When we decided to make a stop and spend the night at the lighthouse on our way to Gold Coast, I didn’t expect it to be this thrilling. The drive up to the light house was like driving into no man’s land (literally). You turn off the headlights of your car and you might as well be driving with a blindfold on. Not a ray of light can be seen in that area (especially as Aussies don’t fancy keeping their security lights on). A few kilometres before the lighthouse there is a dense forest on both sides of the road with probably all sorts of wild life in it topped with a cemetery in the middle of nowhere. So if the wild life doesn’t get you, the paranormal will.

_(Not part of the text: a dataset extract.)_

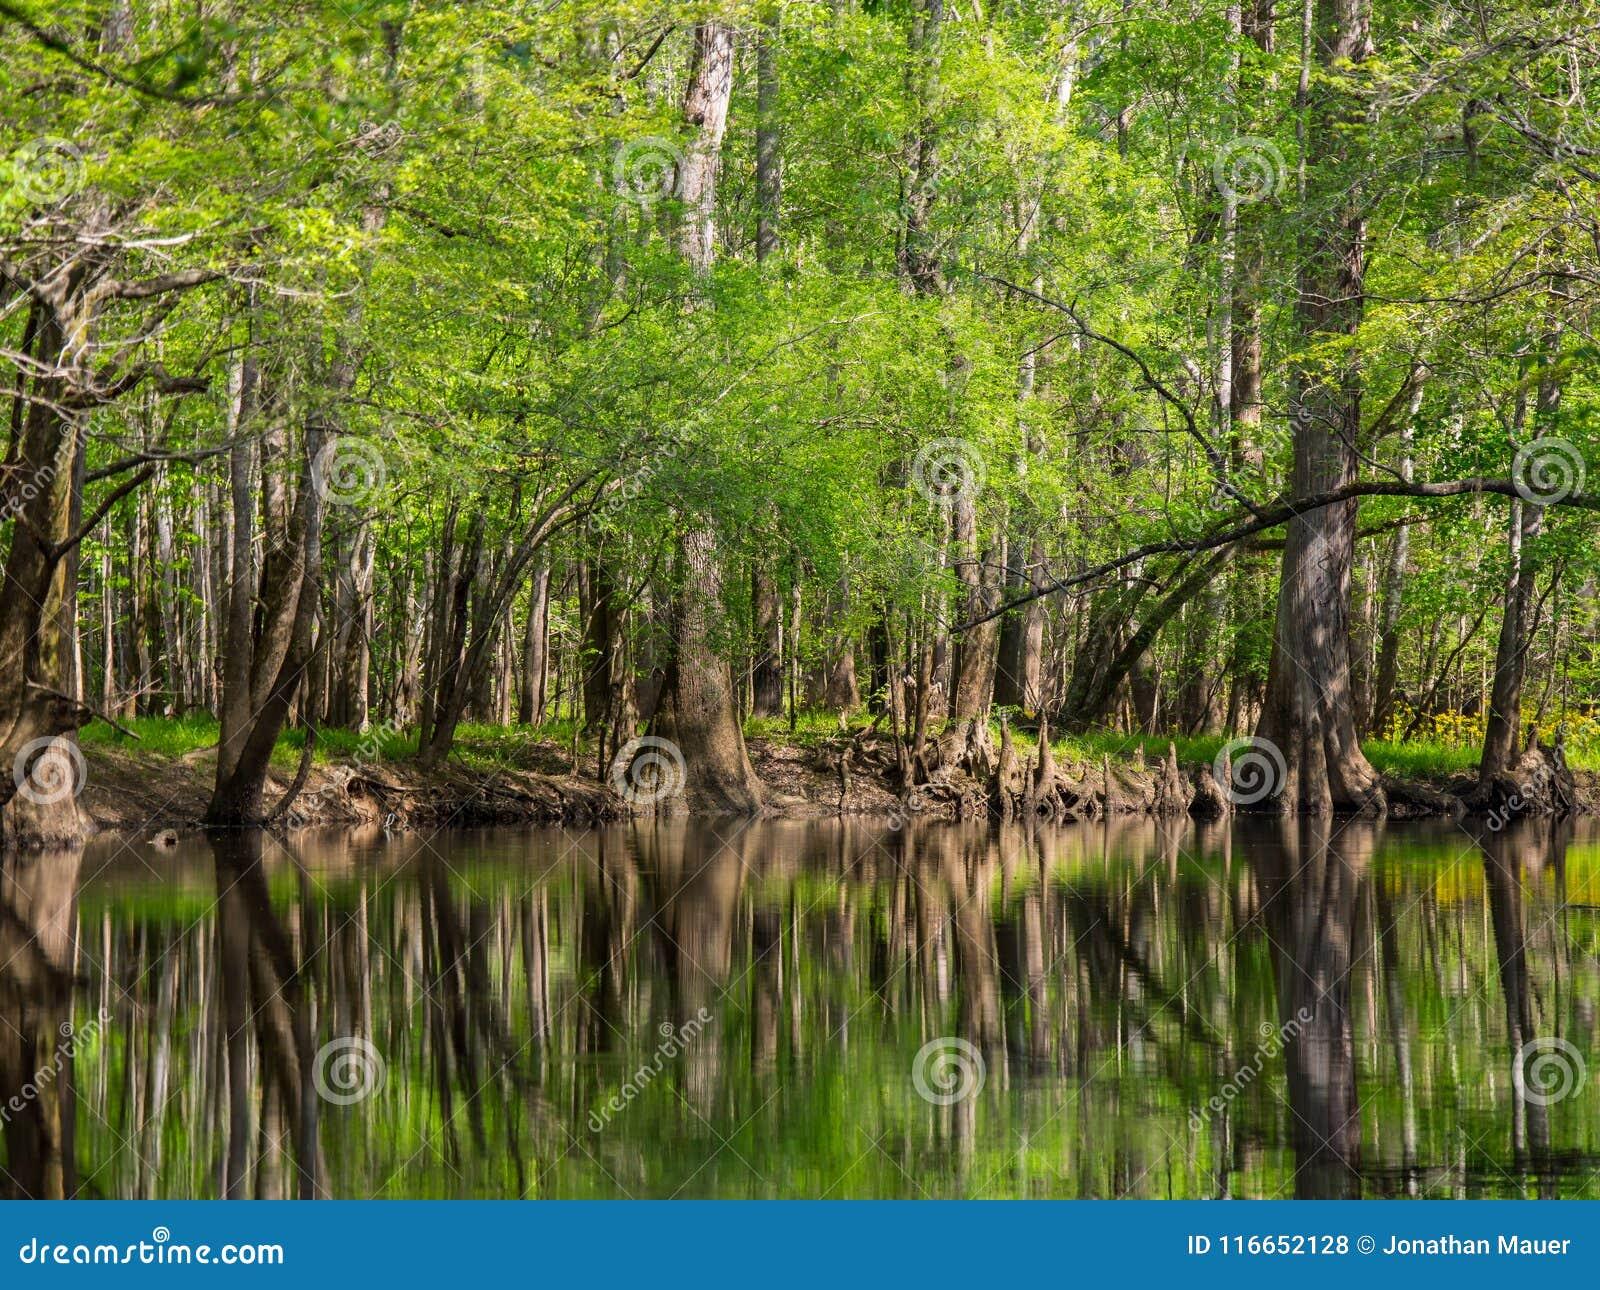 Ψηλά δέντρα κατά μήκος της άκρης νερών, κολπίσκος κέδρων, εθνικό πάρκο Congaree

At this point, I was quite calm since we were in the car. We stopped at an open area and got out.
“Where is the lighthouse?” I asked.
“Up the hill.” My brother said.
And that’s when it hit me. The fight, flight or freeze kind of fear. No way in hell was I climbing up a track in the pitch dark with all that vegetation and Australian wild life waiting to pounce on me. I could hear the sea smashing against the rocks producing the most terrifying noise. We were barely standing still with the strong gushes of wind hitting us.
“Nope! This is the point of a horror movie where the audience is saying, ‘Don’t do it, don’t go in there.'”
That started a long debate/pep talk about how that’s a once in a life time opportunity and how I will regret coming this far and missing the actual view. I don’t know how but that seemed to do some good and we started walking up the track.
God only knows how I made it to the top, hyperventilating with the cold, the fear and my general unfitness. But talk about being rewarded! I have never witnessed such a hauntingly magical view. Four majestic light beams were circling the atmosphere without making a sound. The only thing you could hear was the angry waves hitting the rocks, sending a slight tremble through the whole building. Now that I had gotten a grip on myself I looked up to the sky and I swear the Milky Way was just a grab away. You could see each and every star with such profound clarity. I even spotted a few shooting stars. Far away on the horizon, we could see two lights blinking from a ship. The whole setting was crafted to leave you awestruck.
I wish I had better pictures to help visualize the scene but that required much more than my amateur photographic skills and my humble camera. Accept my apology.
We sat there on a bench for quite a while just taking in everything and feeling tiny and insignificant. After that, we parked our car near a BnB adjacent to the lighthouse (comforting to know that we weren’t alone) and spent the night in the car. For the most part, its was short intermittent naps as I didn’t want to miss gazing at the galaxy and the swirling light beams by sleeping. I set my alarm to exactly the time of sunrise and waited impatiently for the time to pass.
The alarm rang, I frantically woke up my brother, hopped out of the car, wrapped myself in three heavy layers and the first thing I saw was this.
Top of the morning to you Sir!
He hopped off into the bushes in a signature kangaroo fashion.
The sun was coming out now and it looked, well you can see for yourself.
Well hello there, beautiful. Just standing tall there with its brilliant white and rich history.
The idea for this lighthouse was proposed in 1886 and it was first exhibited on 15 April 1891. According to the description, the light still operates from the original lamp and lantern but it was shifted from the kerosene lamp to electric operation in 1962.
Once illuminated by the sunlight the view just got better and better (not scary anymore). The wind and the waves were having a blast.
We have been very lucky with the whale sightings. People usually pay a lot to see them in action. Nature has certainly been kind to us. Smoky Cape waters are home to the Humpback whale and the Southern Right Whale (pictured).
Captain Cook sighted and named the Smoky Cape on 13th May 1770.
Downhill we found this track that was about a kilometre walk down to the beach.
By the time we reached there the waves, though beautiful, had gone out of control. We couldn’t stay there for long and had to get to higher ground to be safe.
And that was it from the Smoky Cape Lighthouse. It’s funny how the place that terrified me in the dark gave me the most exquisite scenes to behold in the light. It just goes to show how fear, is just a state of mind. It can be reinforced or it can be resolved depending on what we feed it.